Beginning with the line that contains "Utility Cart with", retype the entries below exactly, ending with the line that contains "DNA Barcoding of". Leave out any pictures.
== Data supplied ==
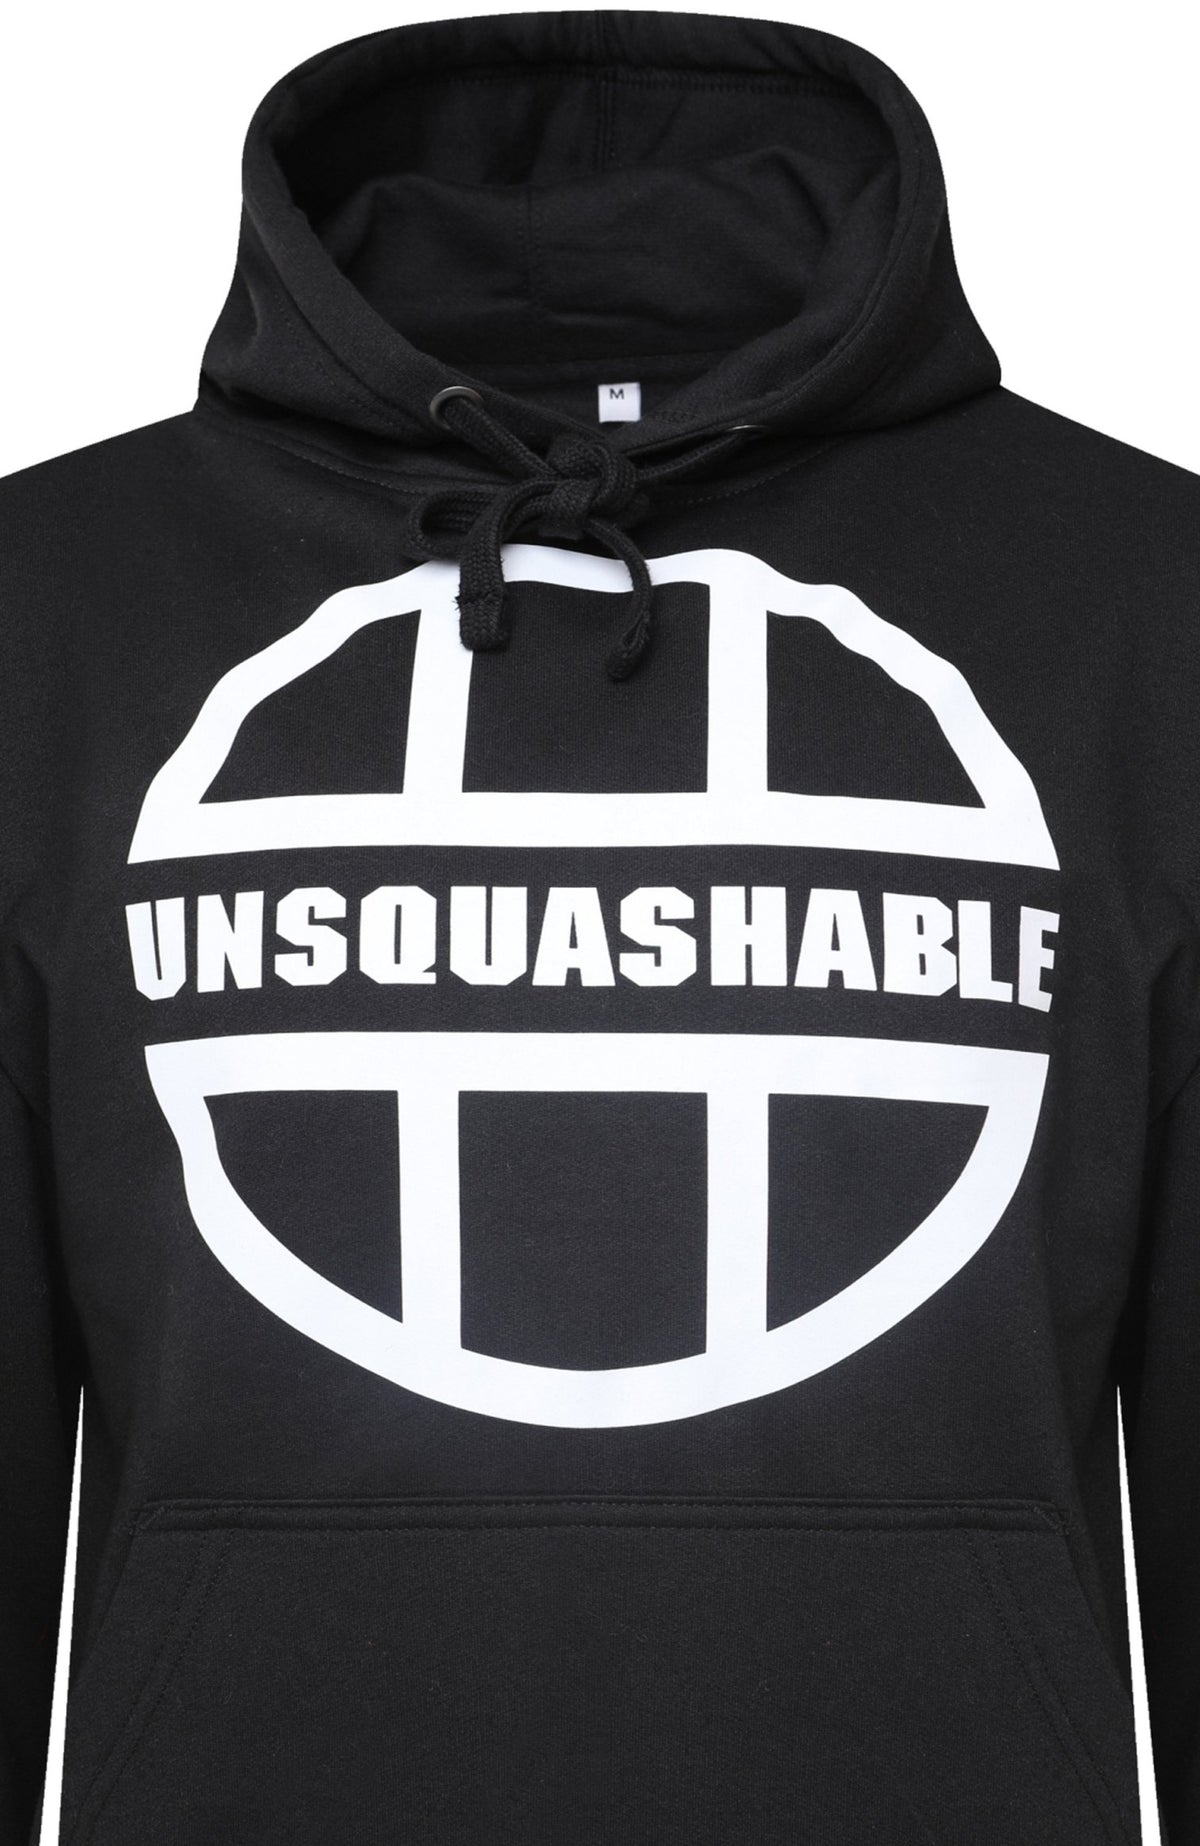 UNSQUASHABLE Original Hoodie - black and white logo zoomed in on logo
===
== Data supplied ==
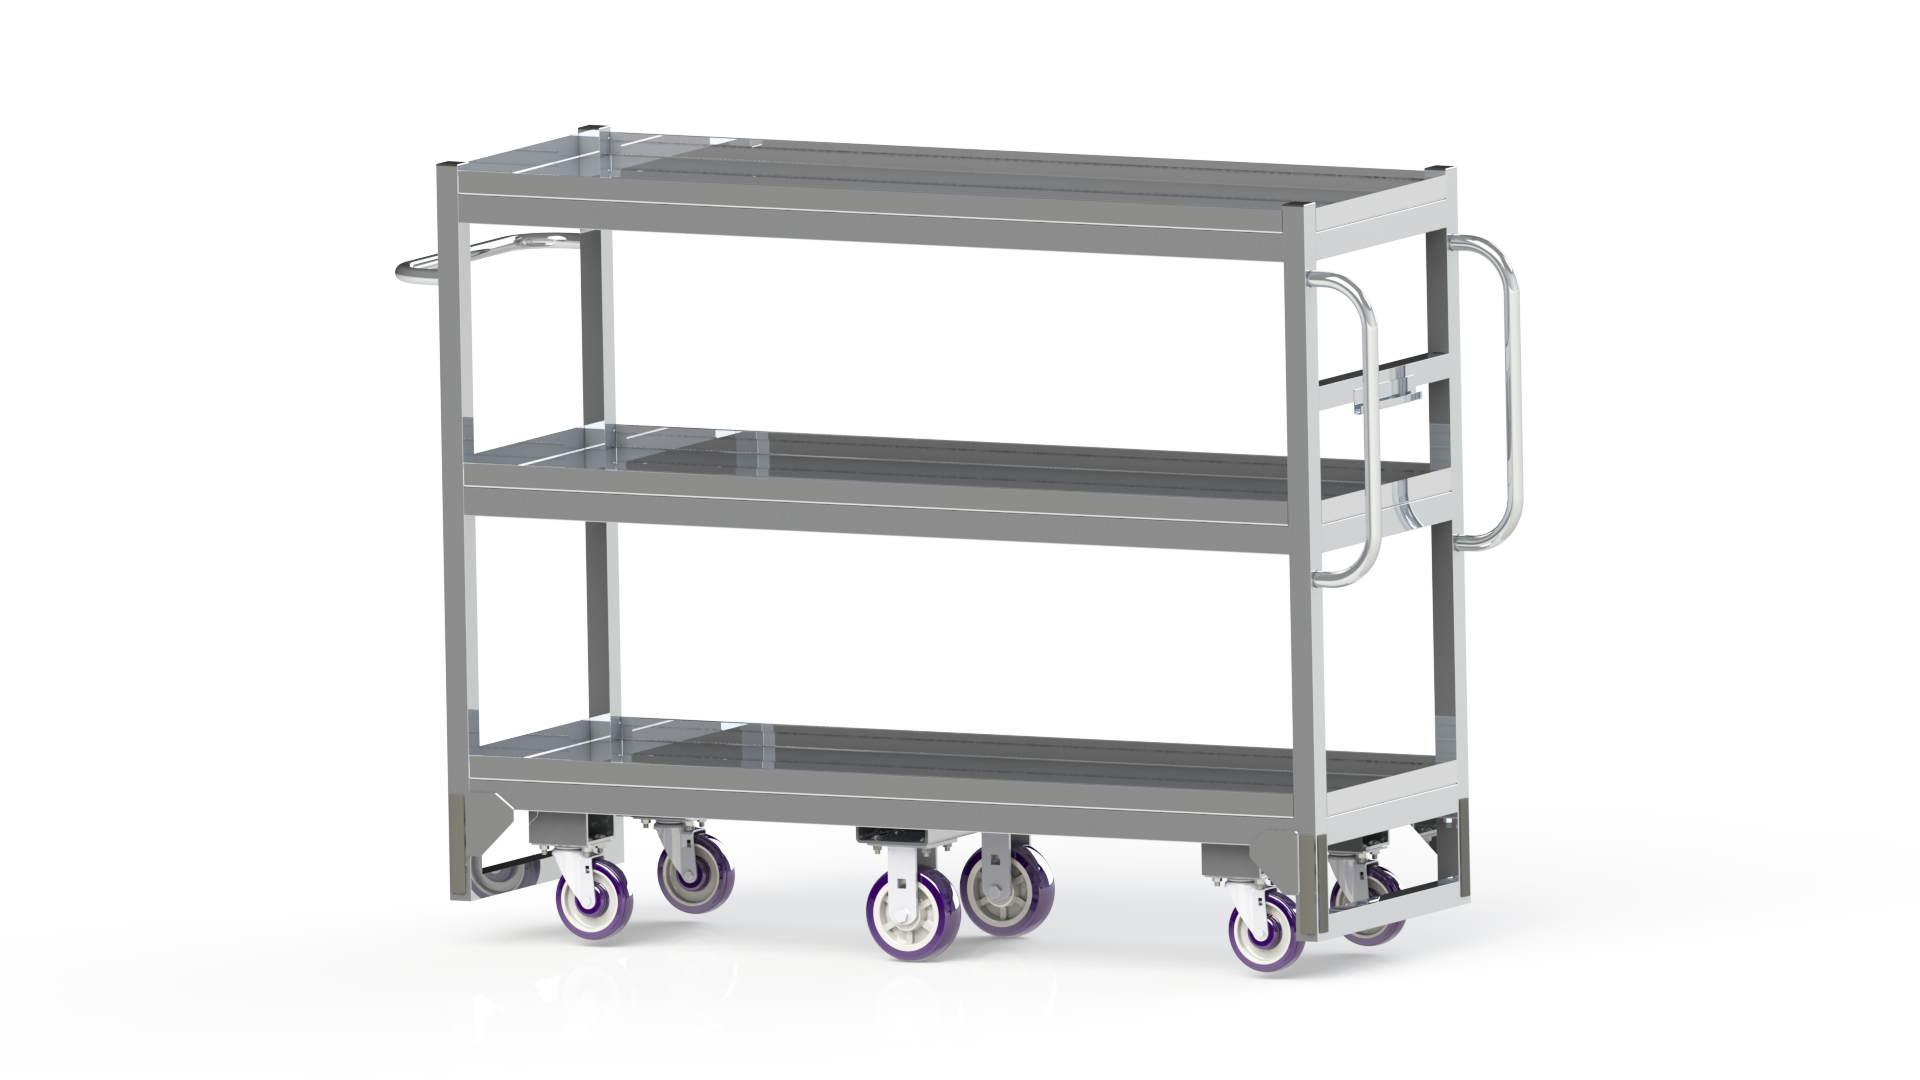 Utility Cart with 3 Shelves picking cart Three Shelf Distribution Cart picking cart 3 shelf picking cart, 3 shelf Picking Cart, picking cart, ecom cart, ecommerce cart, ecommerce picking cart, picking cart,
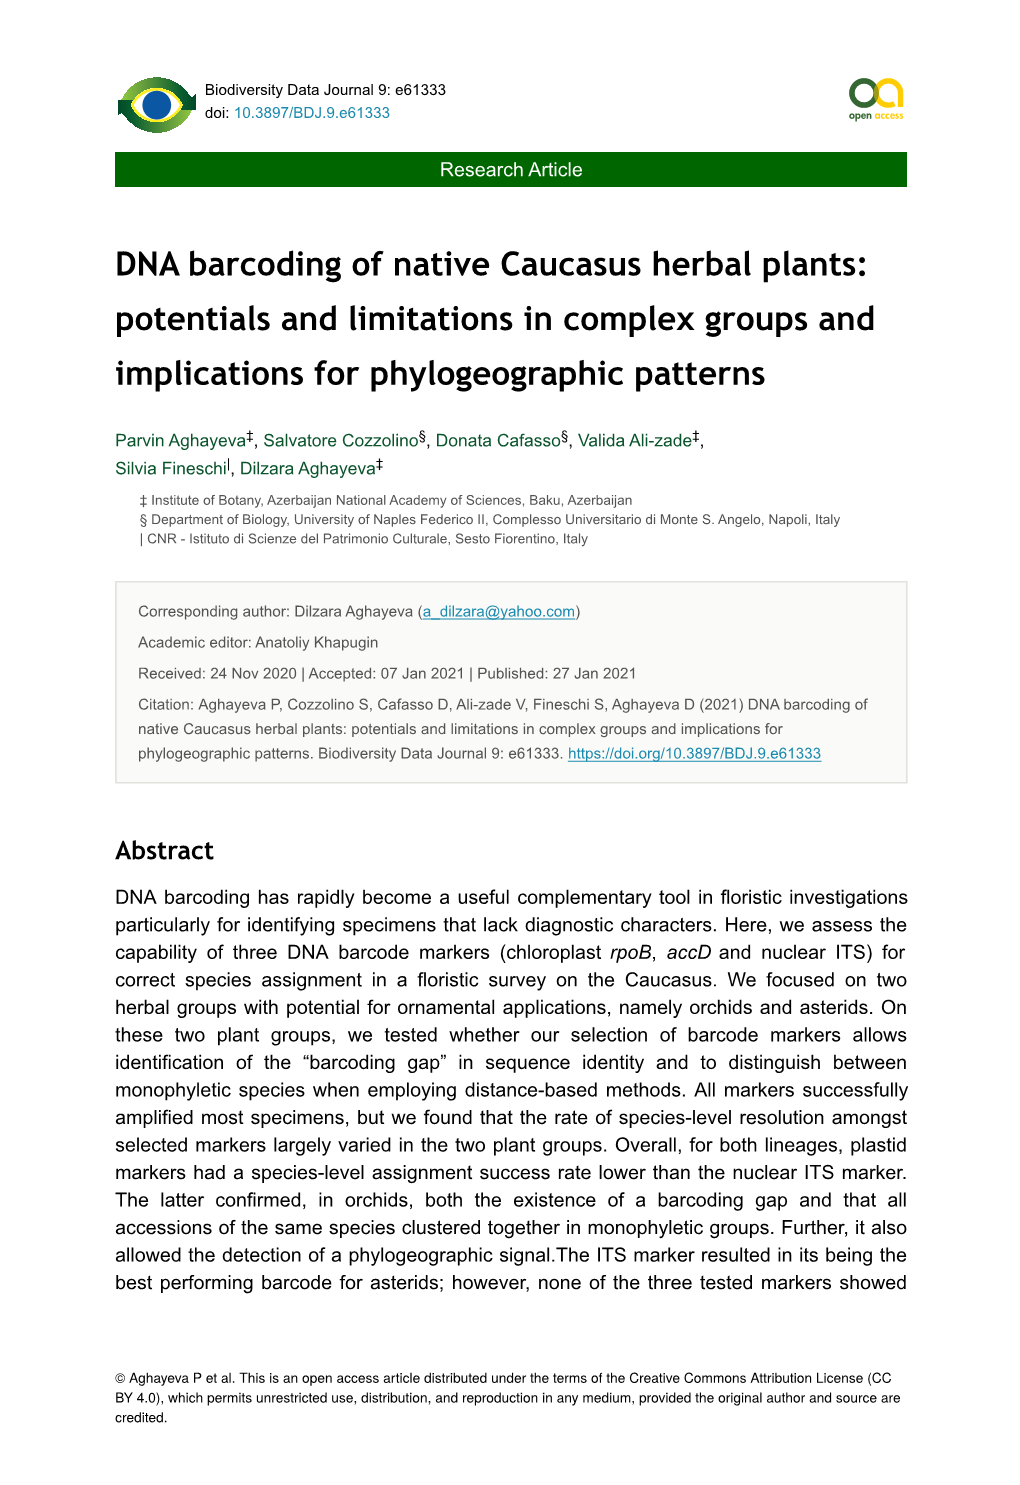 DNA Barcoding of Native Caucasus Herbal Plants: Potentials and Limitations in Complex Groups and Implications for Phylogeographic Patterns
===
== Data supplied ==
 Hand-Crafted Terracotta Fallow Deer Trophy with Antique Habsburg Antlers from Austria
===
— Exercise solution —
 Utility Cart with 3 Shelves picking cart Three Shelf Distribution Cart picking cart 3 shelf picking cart, 3 shelf Picking Cart, picking cart, ecom cart, ecommerce cart, ecommerce picking cart, picking cart,
 DNA Barcoding of Native Caucasus Herbal Plants: Potentials and Limitations in Complex Groups and Implications for Phylogeographic Patterns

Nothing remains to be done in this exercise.